__INFORMATION SHOWN__:
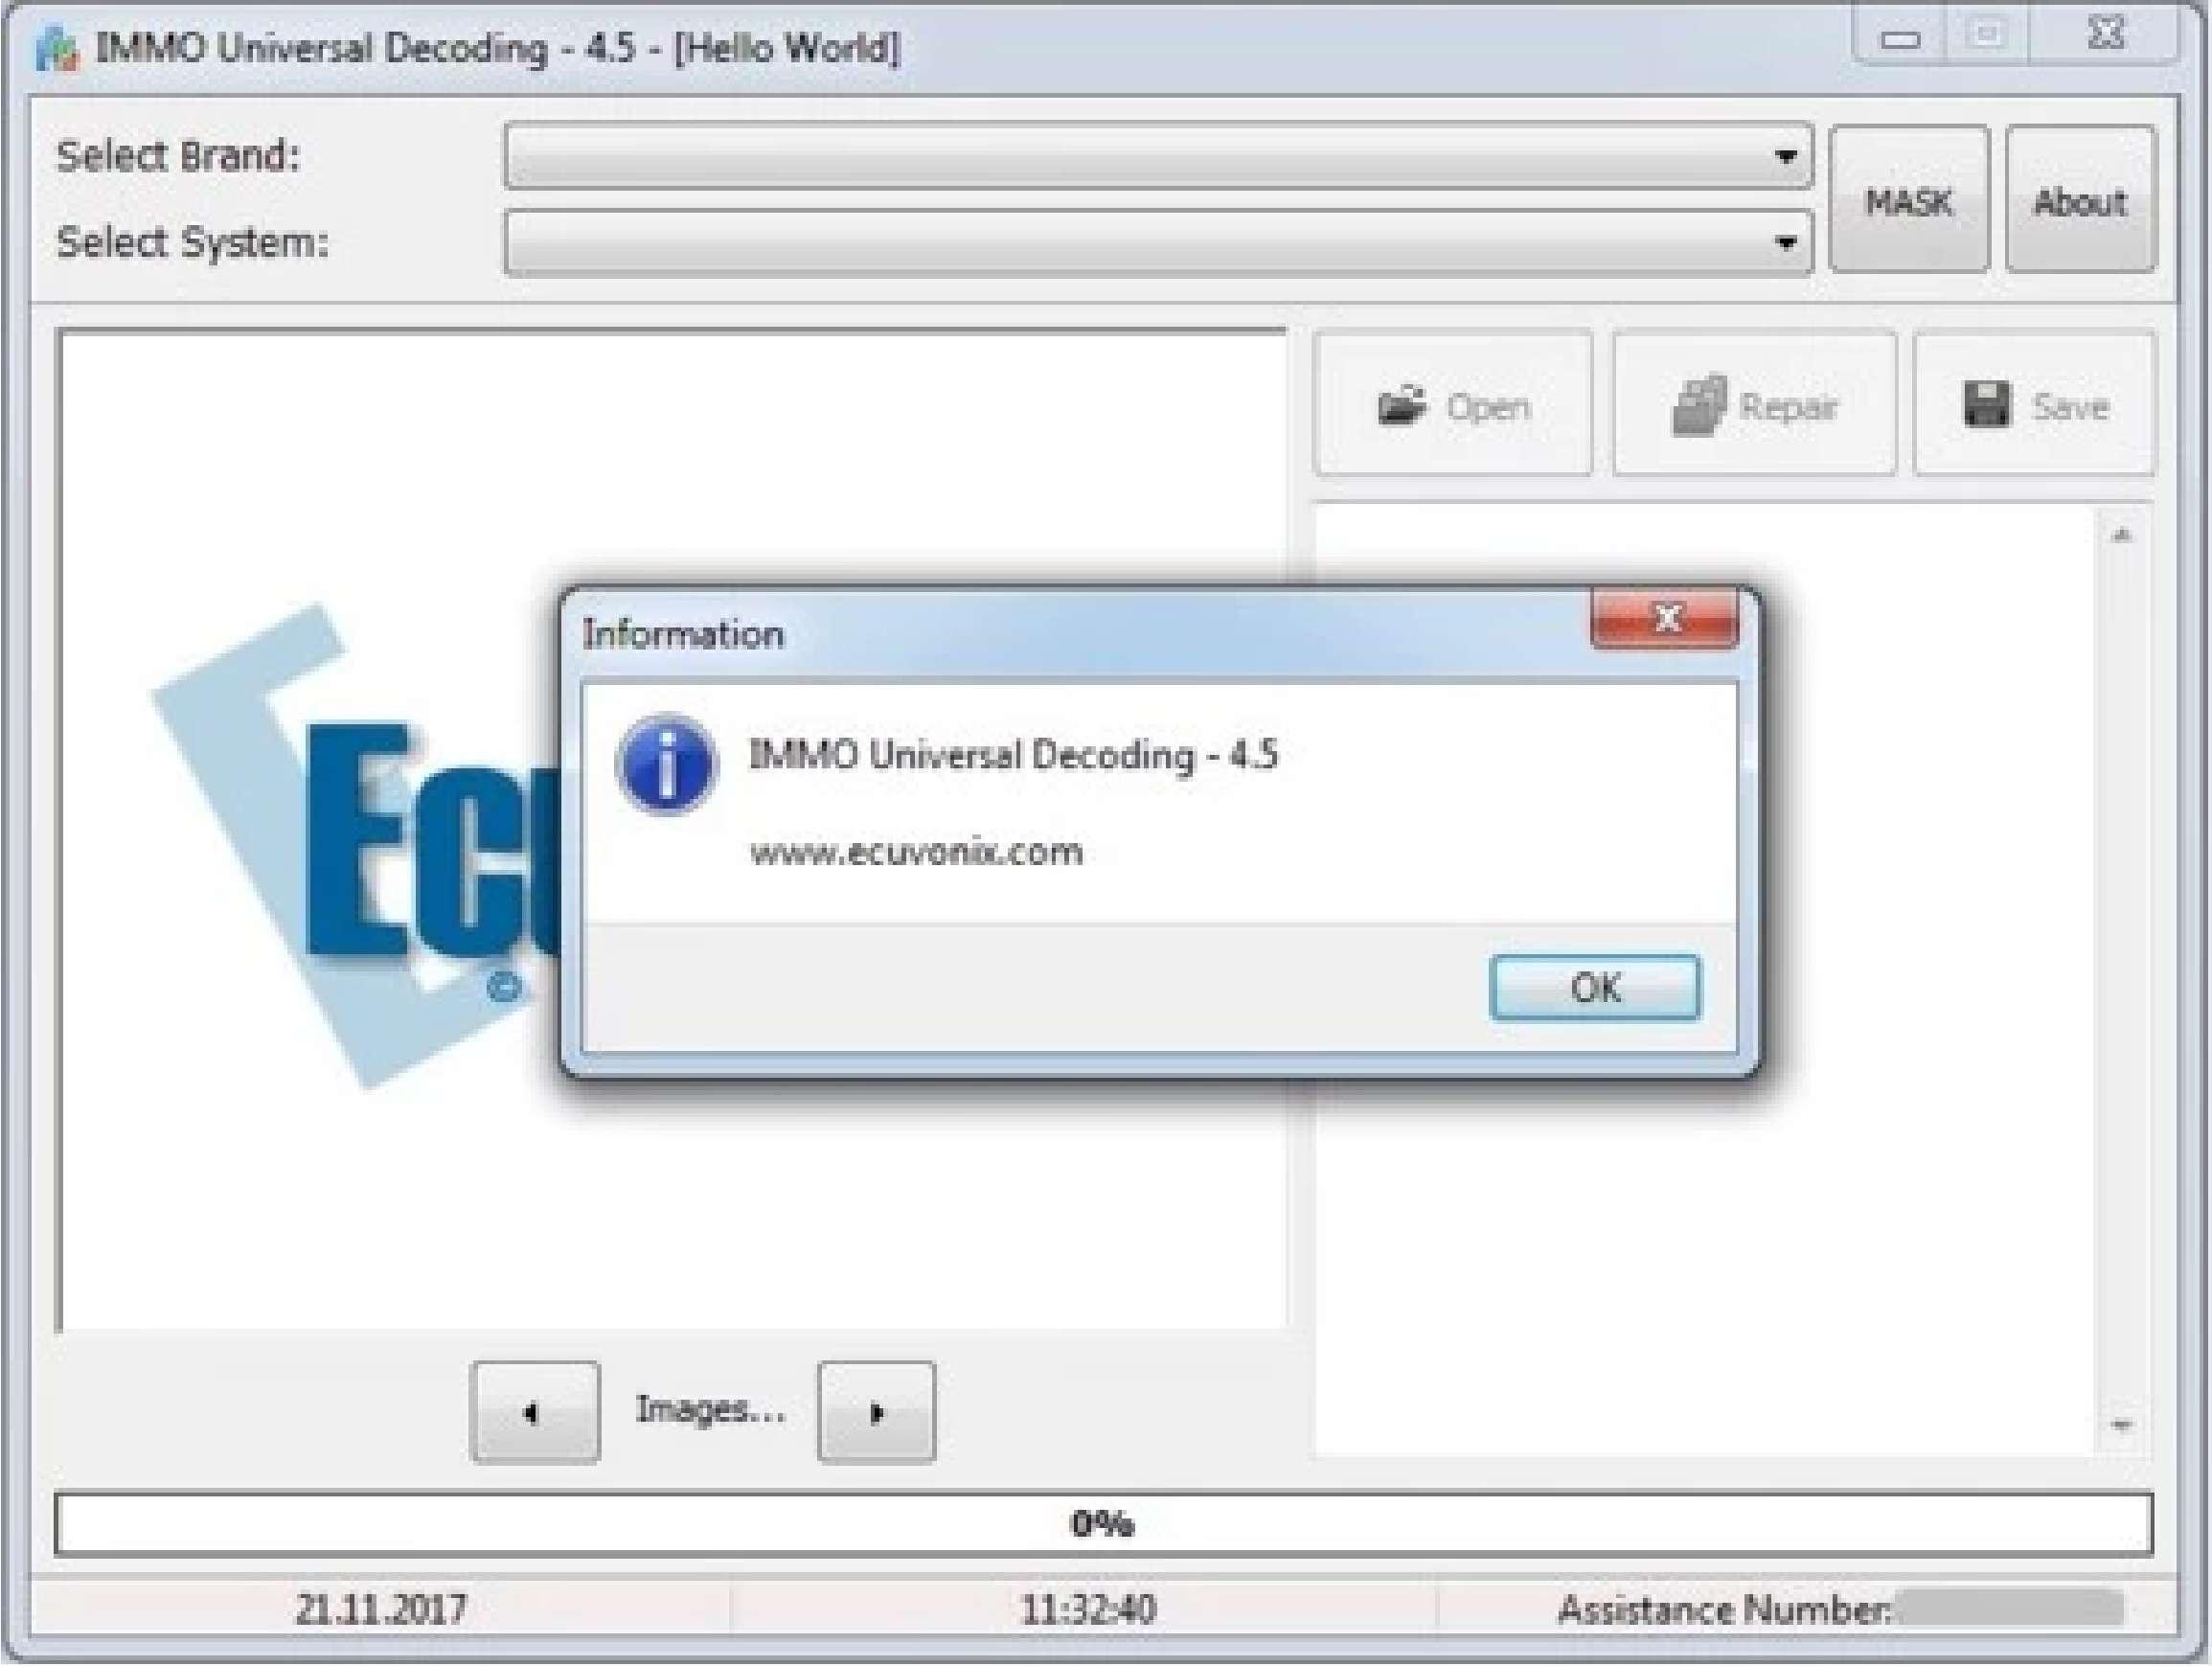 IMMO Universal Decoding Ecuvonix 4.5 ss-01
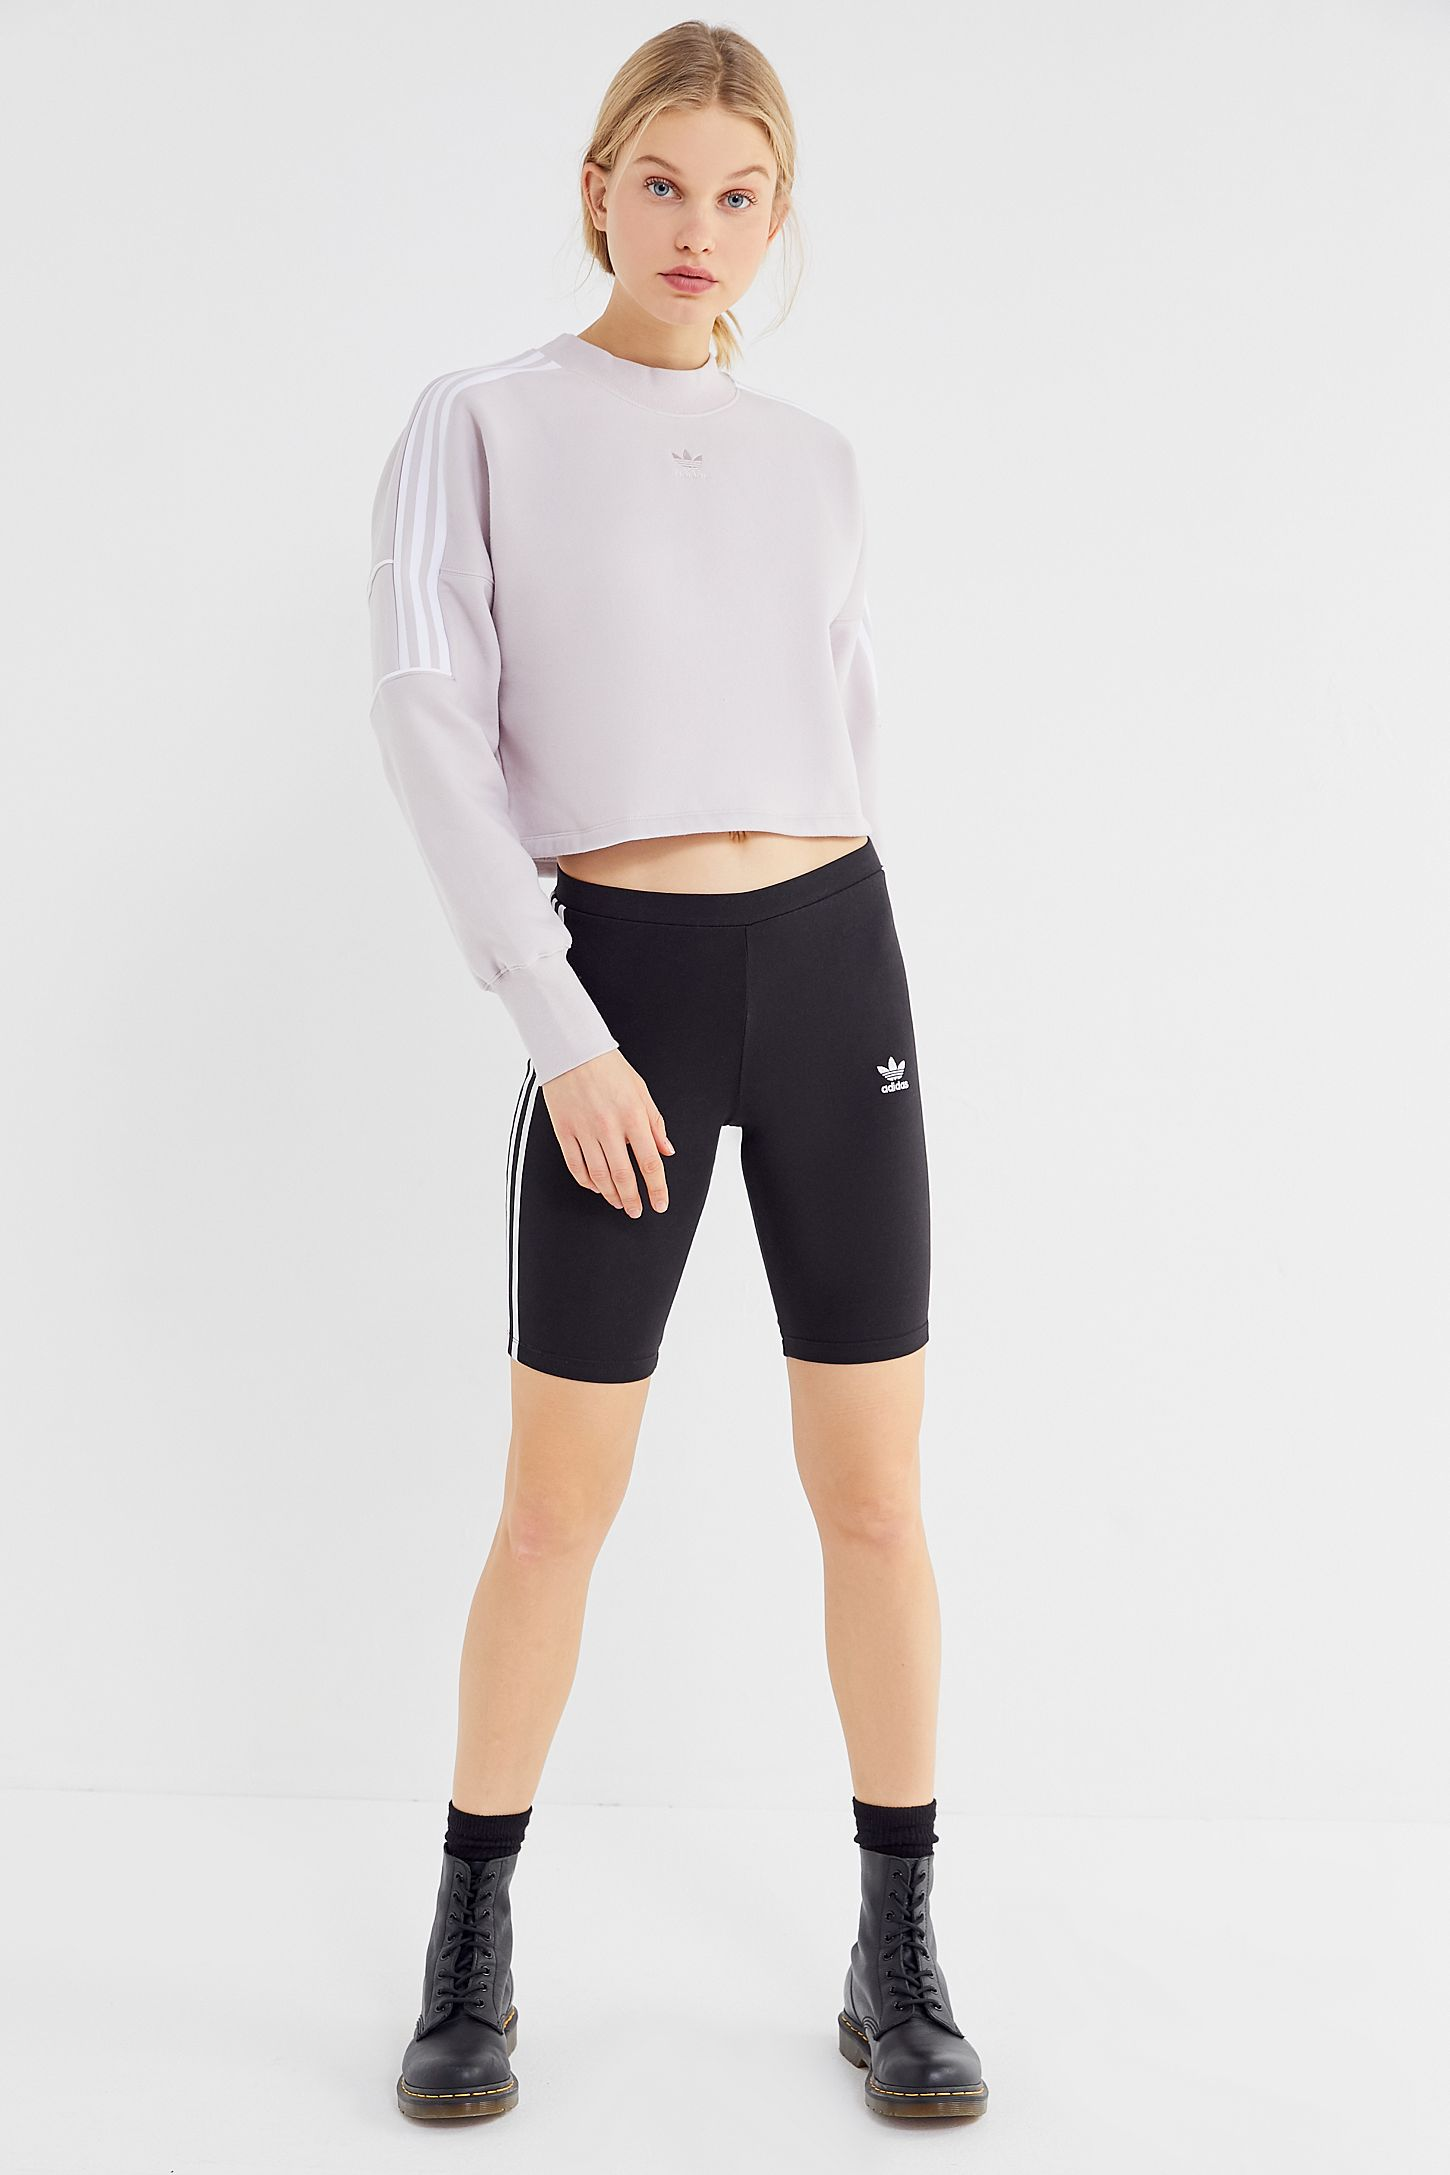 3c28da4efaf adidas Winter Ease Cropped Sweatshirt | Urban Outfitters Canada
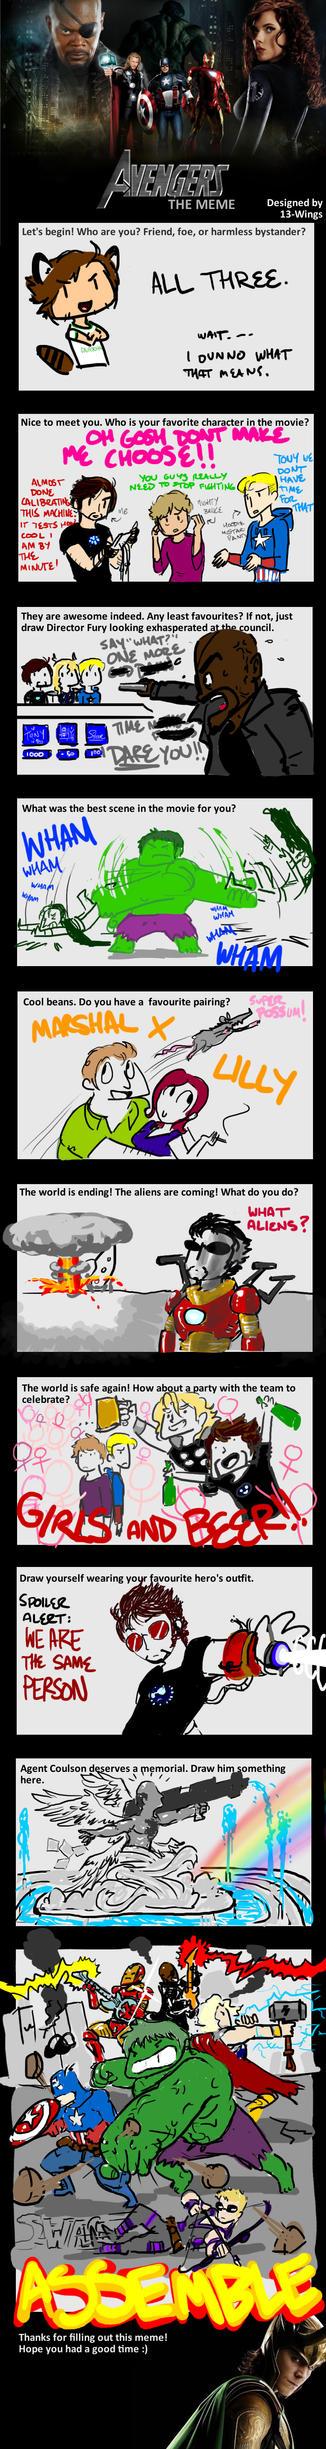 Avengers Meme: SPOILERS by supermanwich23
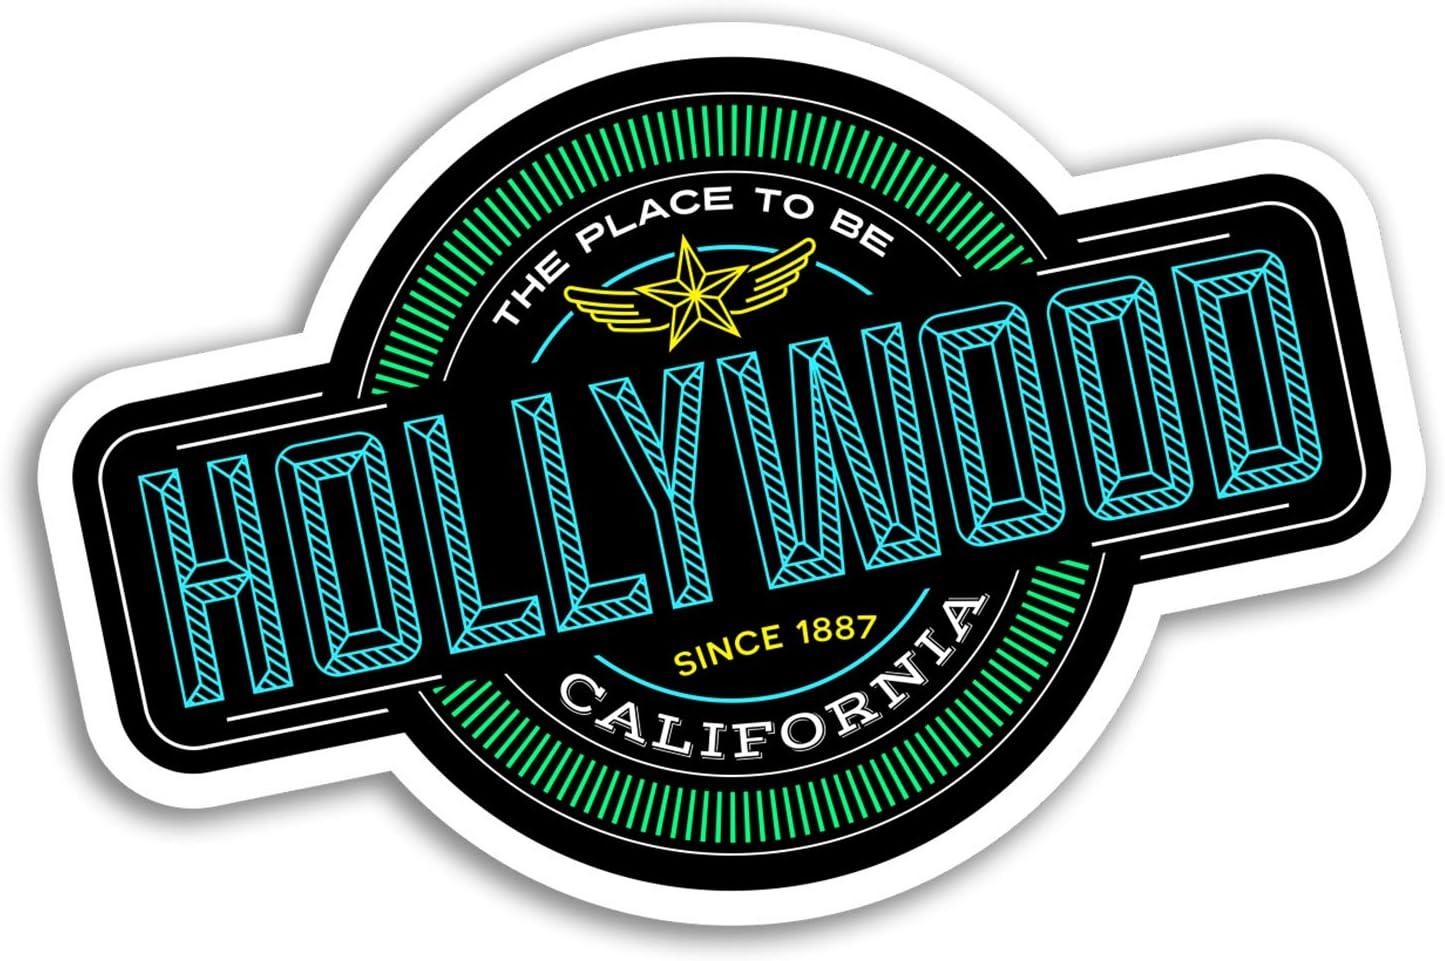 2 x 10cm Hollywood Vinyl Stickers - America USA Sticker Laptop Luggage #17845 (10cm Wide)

__TASK BRIEF__:
Pick up at the line containing "3c28da4efaf adidas Winter" and copy each line exactly until the data ends, including that last line; copy no pictures.

__OUTPUT FOR THIS EXERCISE__:
 3c28da4efaf adidas Winter Ease Cropped Sweatshirt | Urban Outfitters Canada
 Avengers Meme: SPOILERS by supermanwich23
 2 x 10cm Hollywood Vinyl Stickers - America USA Sticker Laptop Luggage #17845 (10cm Wide)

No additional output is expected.